● TASK REQUIREMENTS
Pictures are not part of the answer. Write out exactly the lines from the one containing "ANÁLISIS DE REDES" through the end of the material below.
DATA SHOWN below:
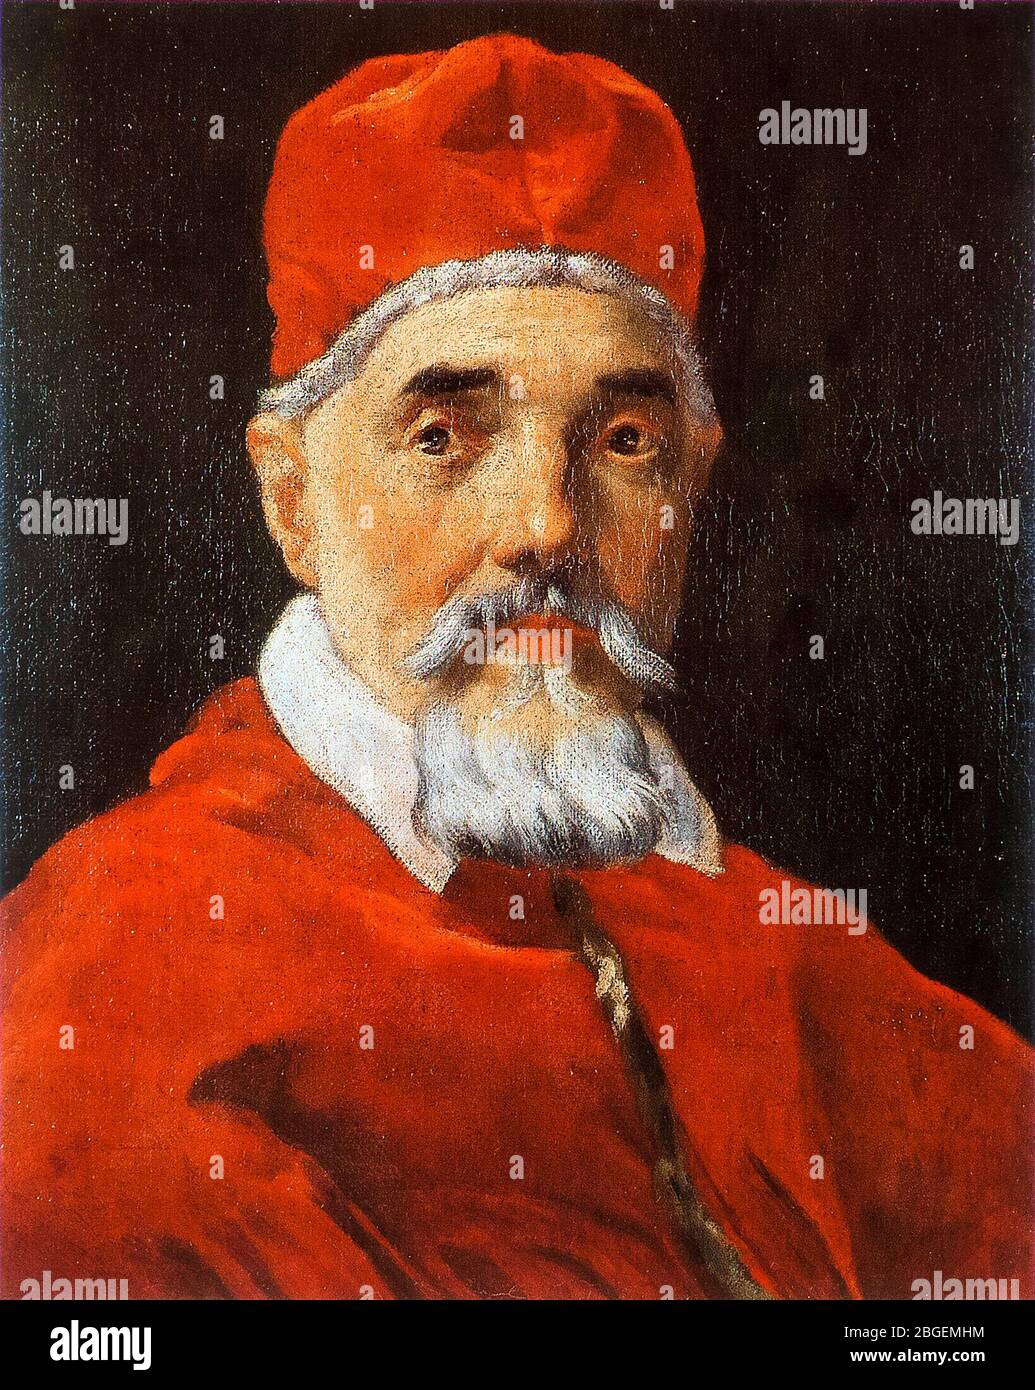 Gian Lorenzo Bernini, Pope Urban VIII (1568-1644), portrait painting, circa 1625 Stock Photo
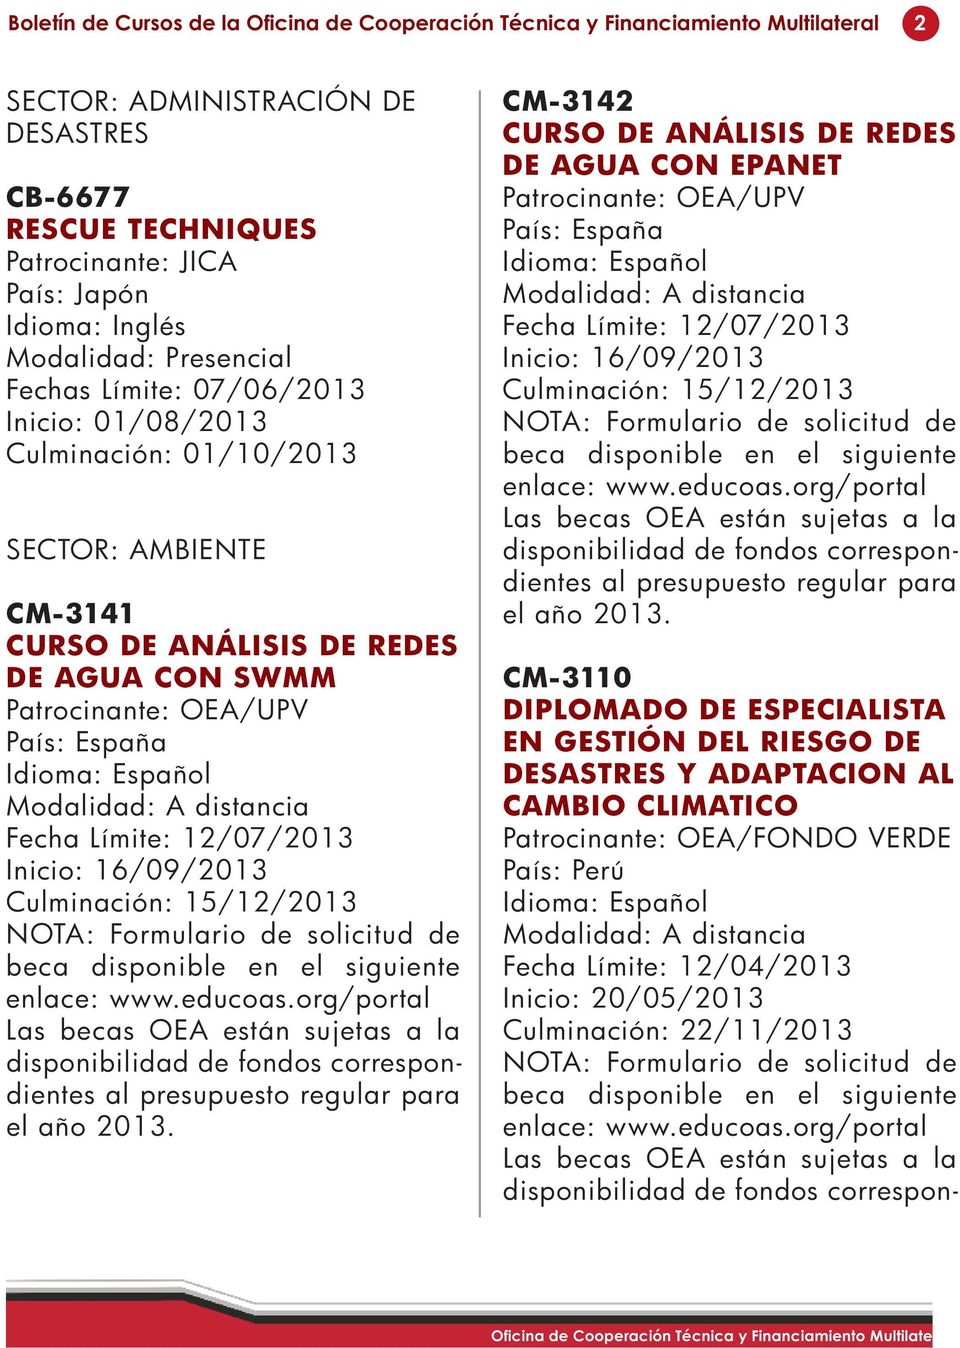 ANÁLISIS DE REDES DE AGUA CON EPANET Patrocinante: OEA/UPV País: España Fecha Límite: 12/07/2013 Inicio: 16/09/2013 Culminación: 15/12/2013 CM-3110 DIPLOMADO DE ESPECIALISTA EN GESTIÓN
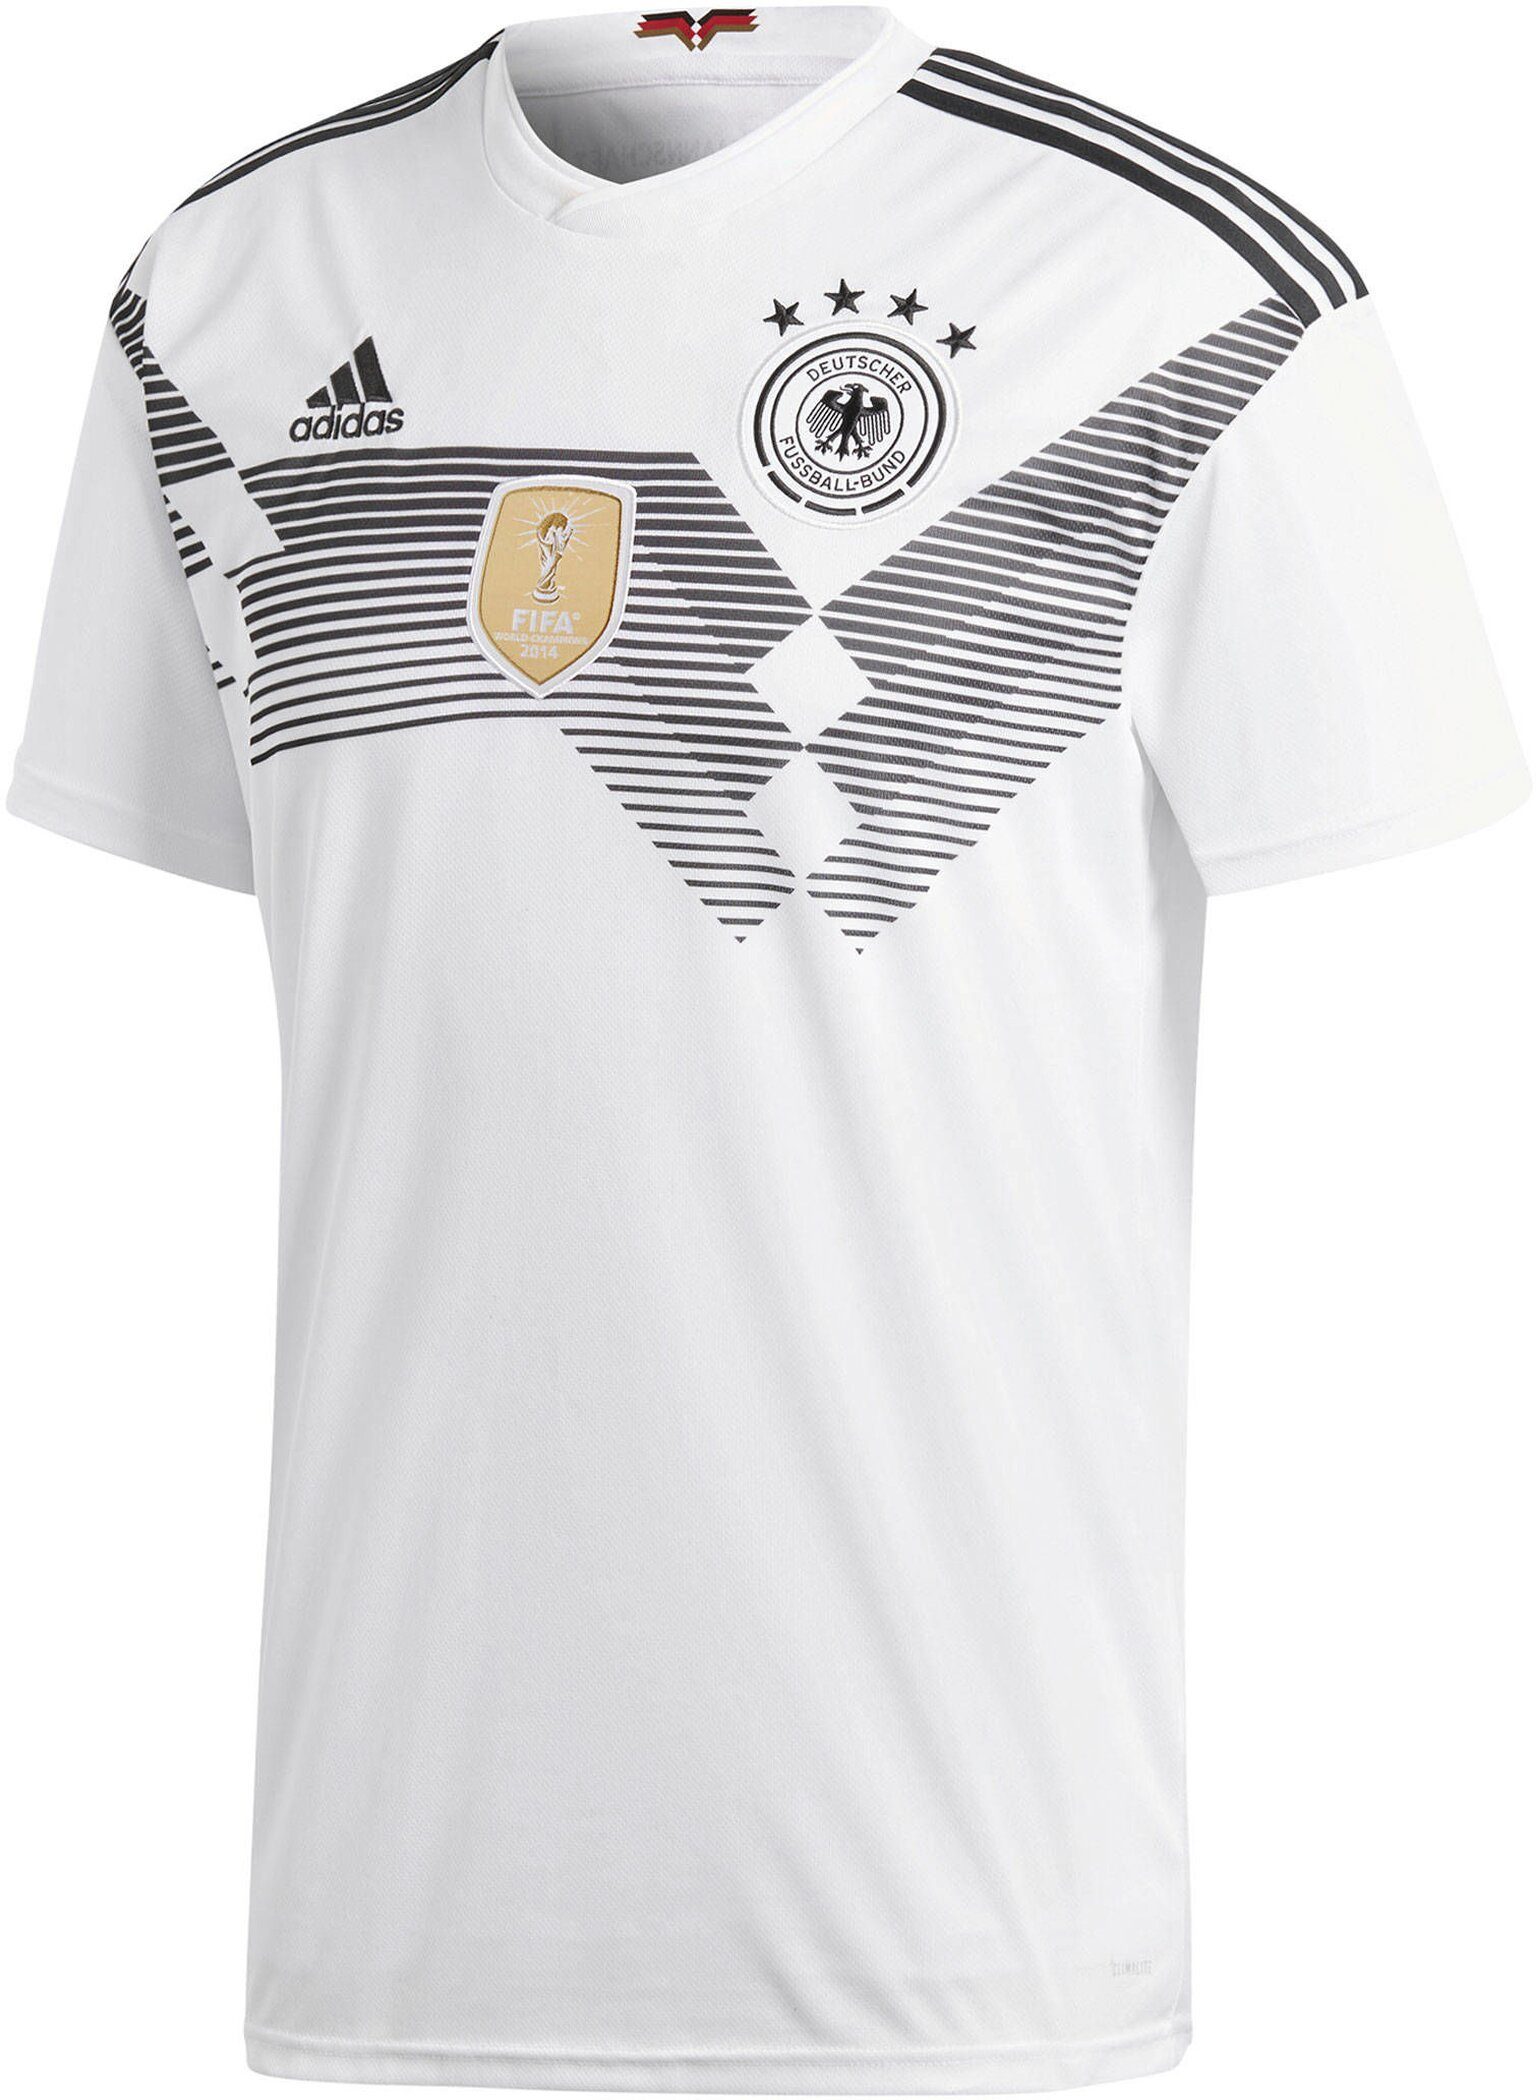 adidas JSY H DFB Sportswear WHITE/BLACK Kurzarmshirt
End of DATA SHOWN.
● EXERCISE RESULT
 ANÁLISIS DE REDES DE AGUA CON EPANET Patrocinante: OEA/UPV País: España Fecha Límite: 12/07/2013 Inicio: 16/09/2013 Culminación: 15/12/2013 CM-3110 DIPLOMADO DE ESPECIALISTA EN GESTIÓN
 adidas JSY H DFB Sportswear WHITE/BLACK Kurzarmshirt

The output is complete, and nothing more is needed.